W. Somerset Maugham was 64 when he wrote his “summing up’, which he called “The Summing Up” and it’s totally wonderful.


Monet never did follow through on this summing up because, he said, it meant that he would have had to travel to northern and southern Europe, to the landscapes that he made famous with his paintings, and, he said, that was not possible because “…nowadays, traveling tires me.”


“And besides [he went on to say], I want to stay put here, where I’m happy. I’ve grown used to the flowers in my garden in the Spring and to the water lilies in my pond . . . they give flavor to my life every day.”


This week I have been imagining, What if Monet had gone through with this project? What would those canvases have looked like? 


So I guess you can tell that, after letting it lay low for a couple of months, I’m back on the Monet project. Suddenly, it doesn’t seem like work to think about it any more, and I’m playing around with ideas that would never have occurred to me two or three weeks ago. Inspiration is a funny thing: or, maybe, I just don’t drink enough wine for breakfast.

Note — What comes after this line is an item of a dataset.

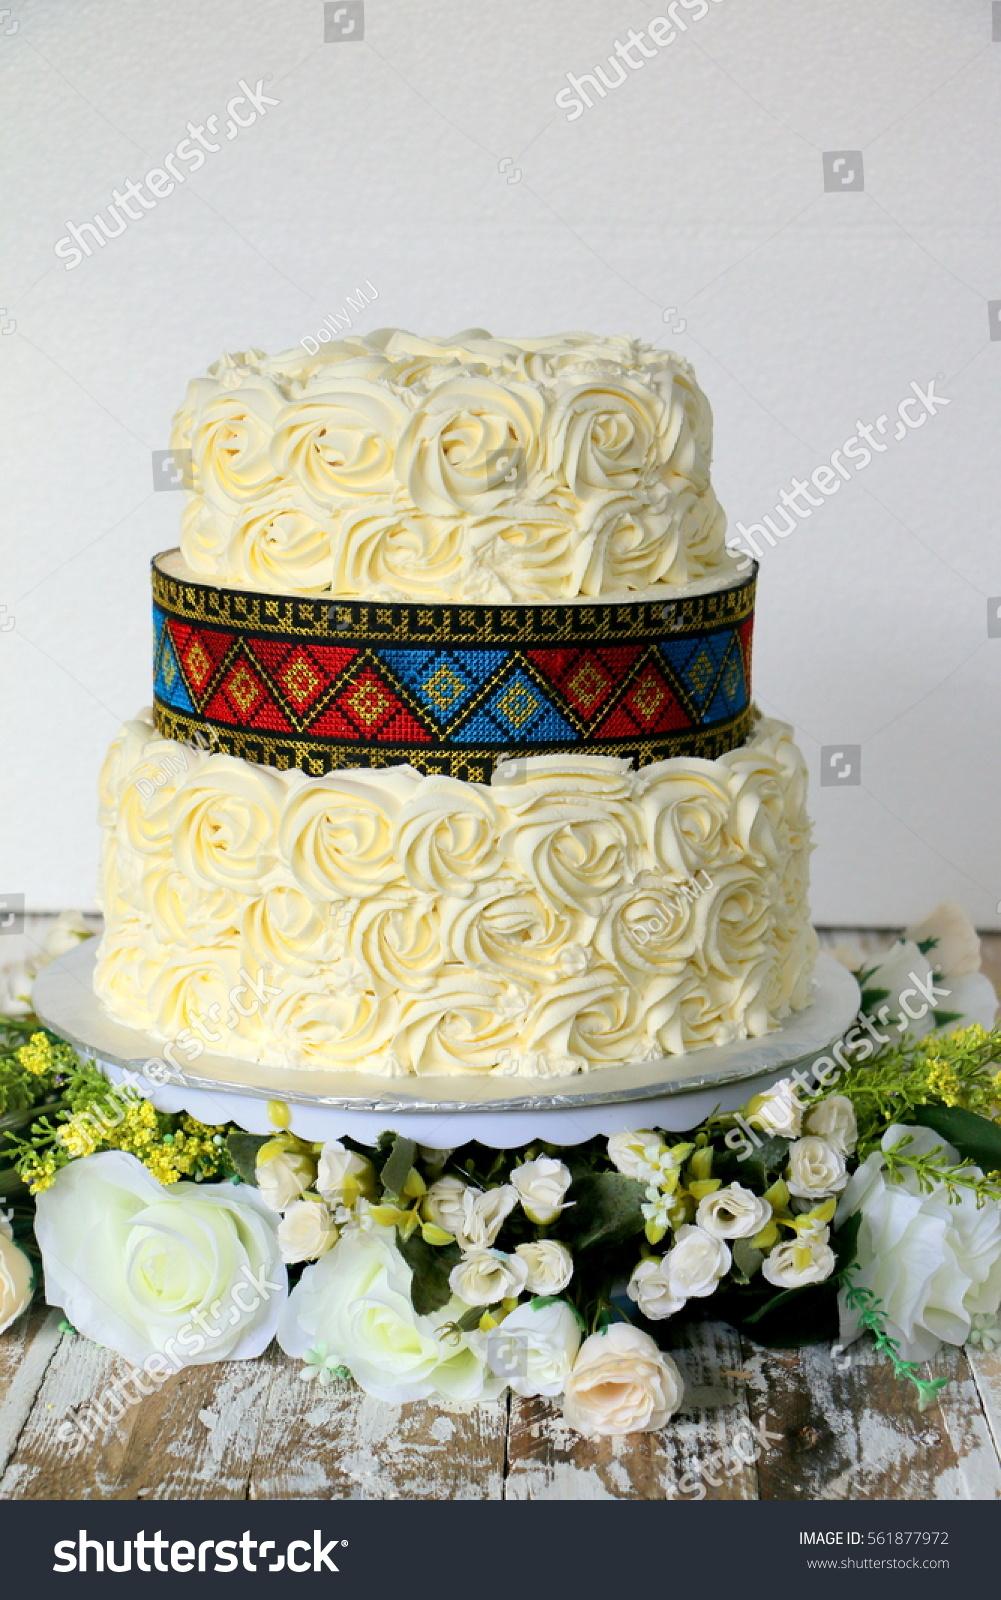 Romantic Ethnic Theme Wedding Cake Rose Stock Photo (Edit Now ...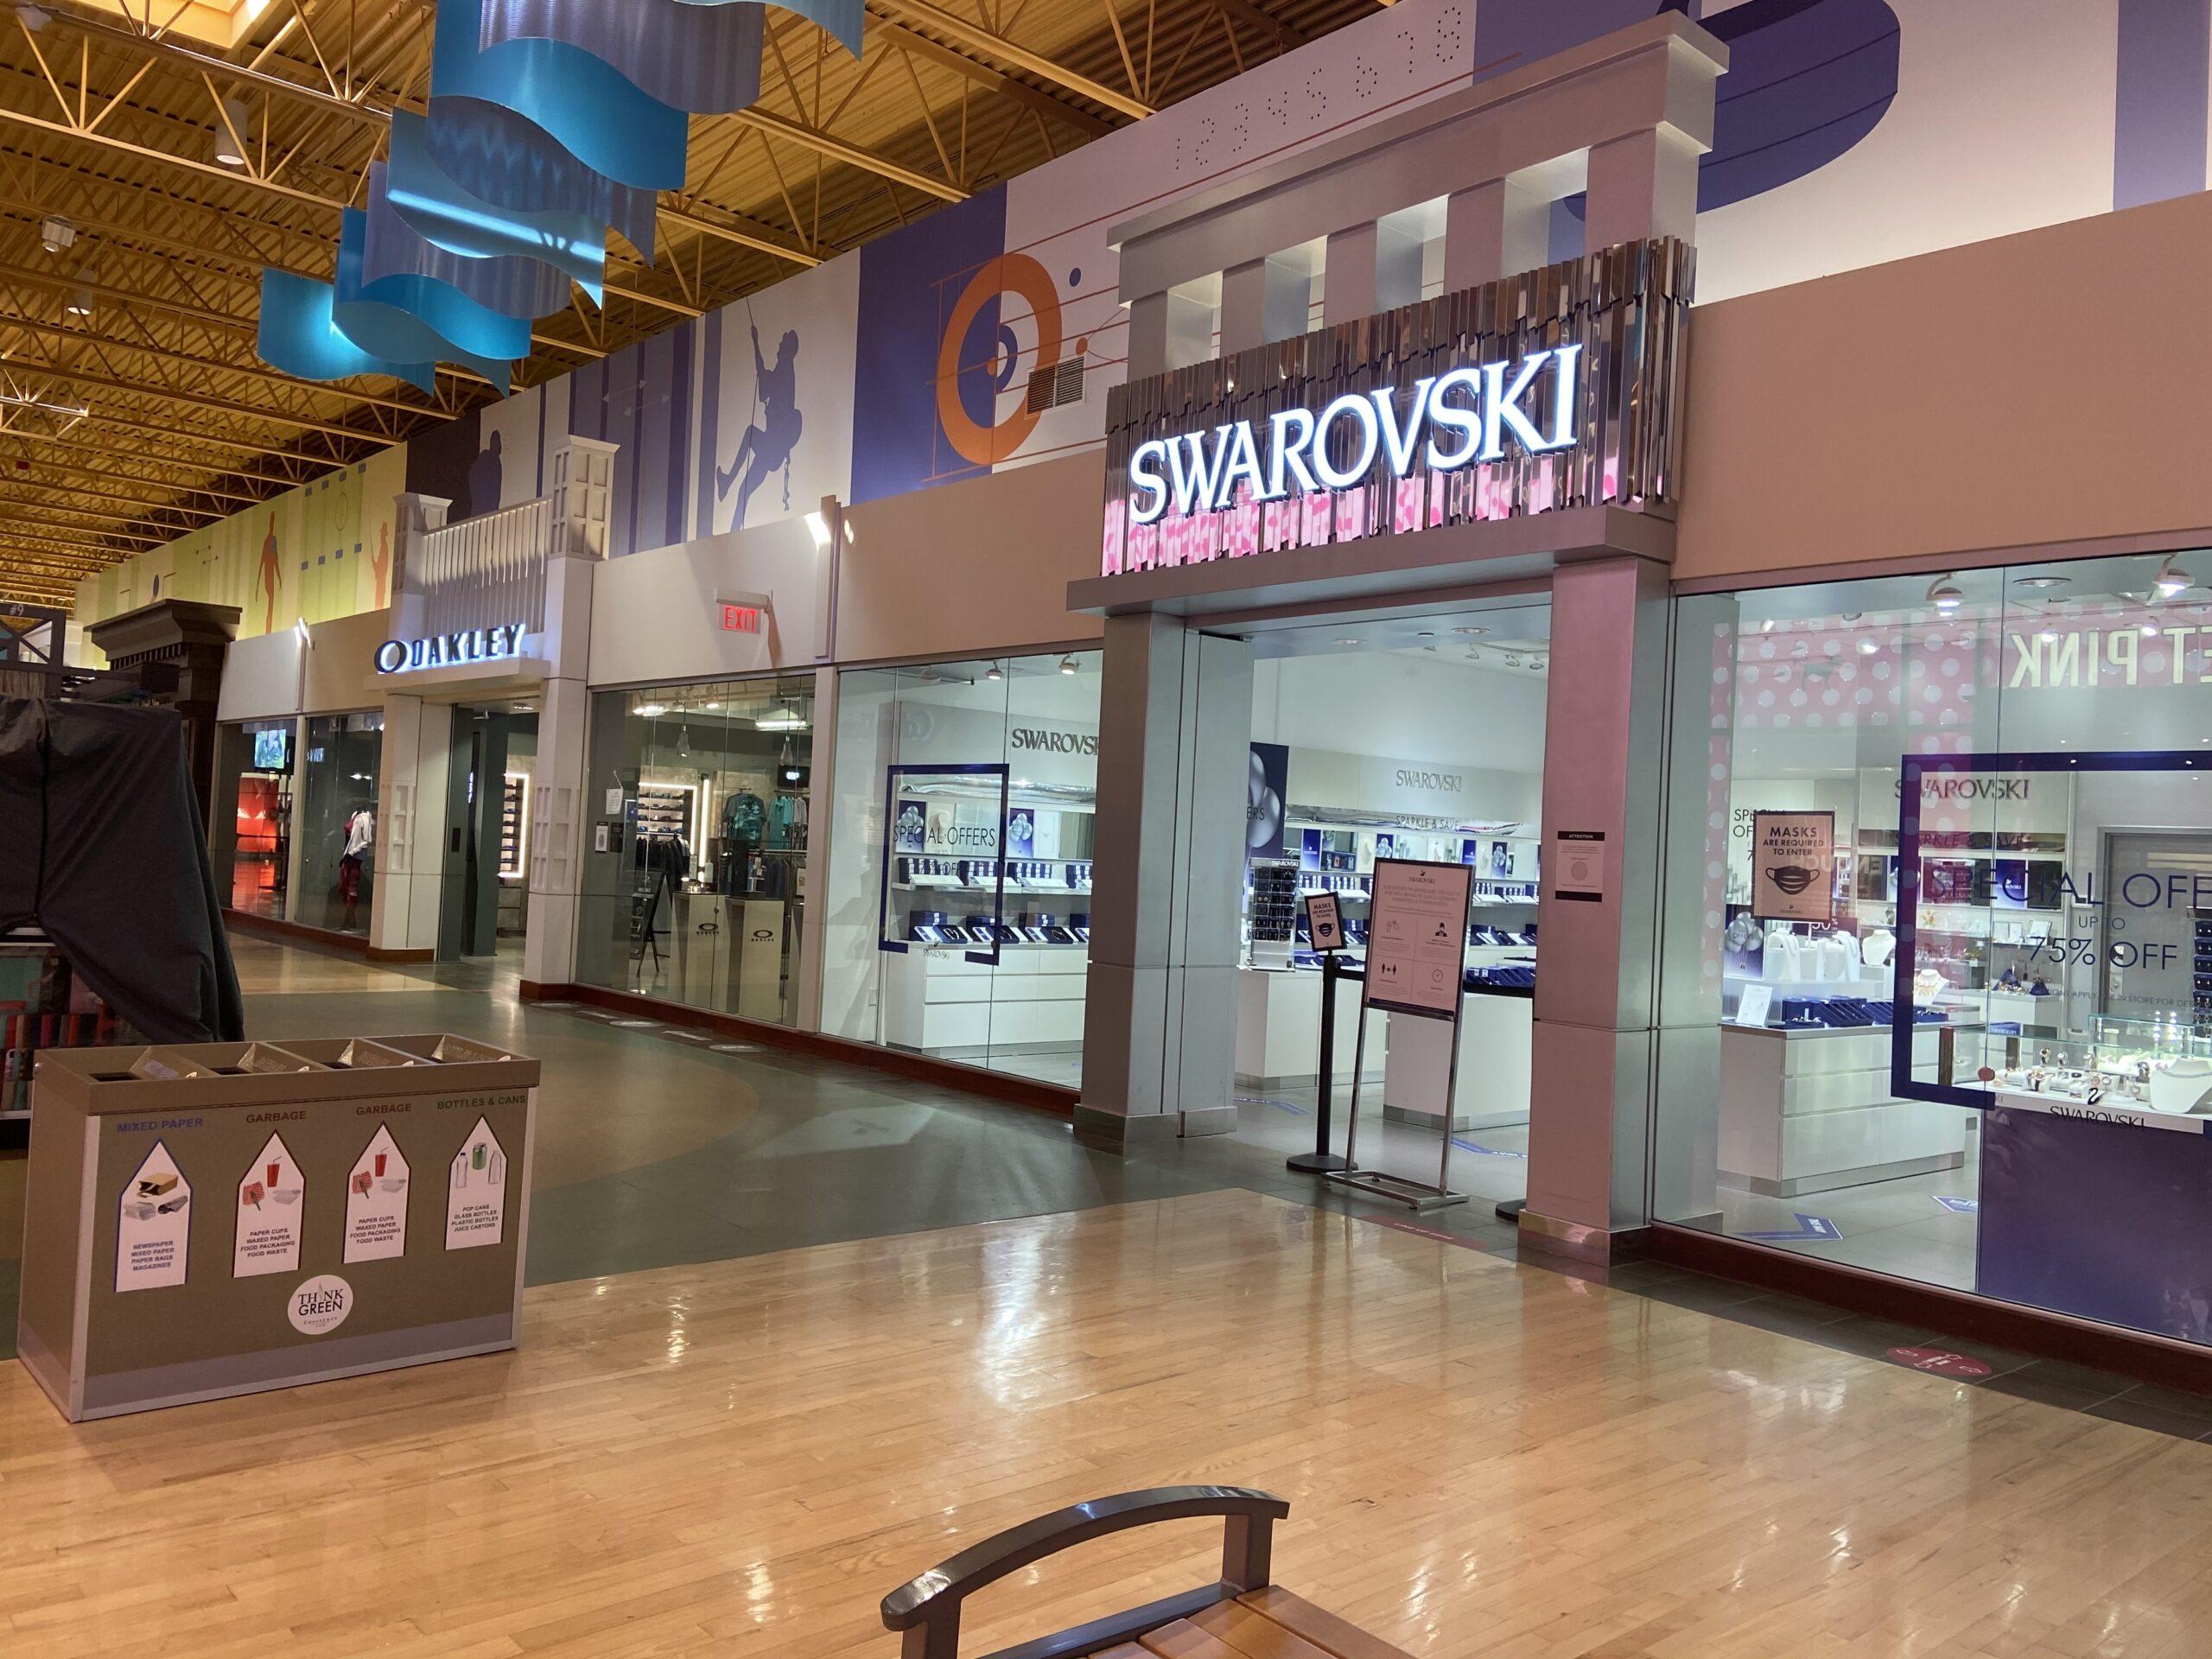 Swarovski at CrossIron Mills

Top Cat and I are heading to our favorite wilderness on Sunday (two days from now) so stay tuned: It may, or may not, be leaf-painting time.


Until then, here’s Taffy reminding me why I used to complain on long car rides about how impossible it was to share the back seat with my sister:


P.S. I am Bibs in this scenario and Taffy is my mortal enemy and he knows it but he still DOES THIS.


Have a great weekend, Dear Readers. May all your impossible things be made possible by belief.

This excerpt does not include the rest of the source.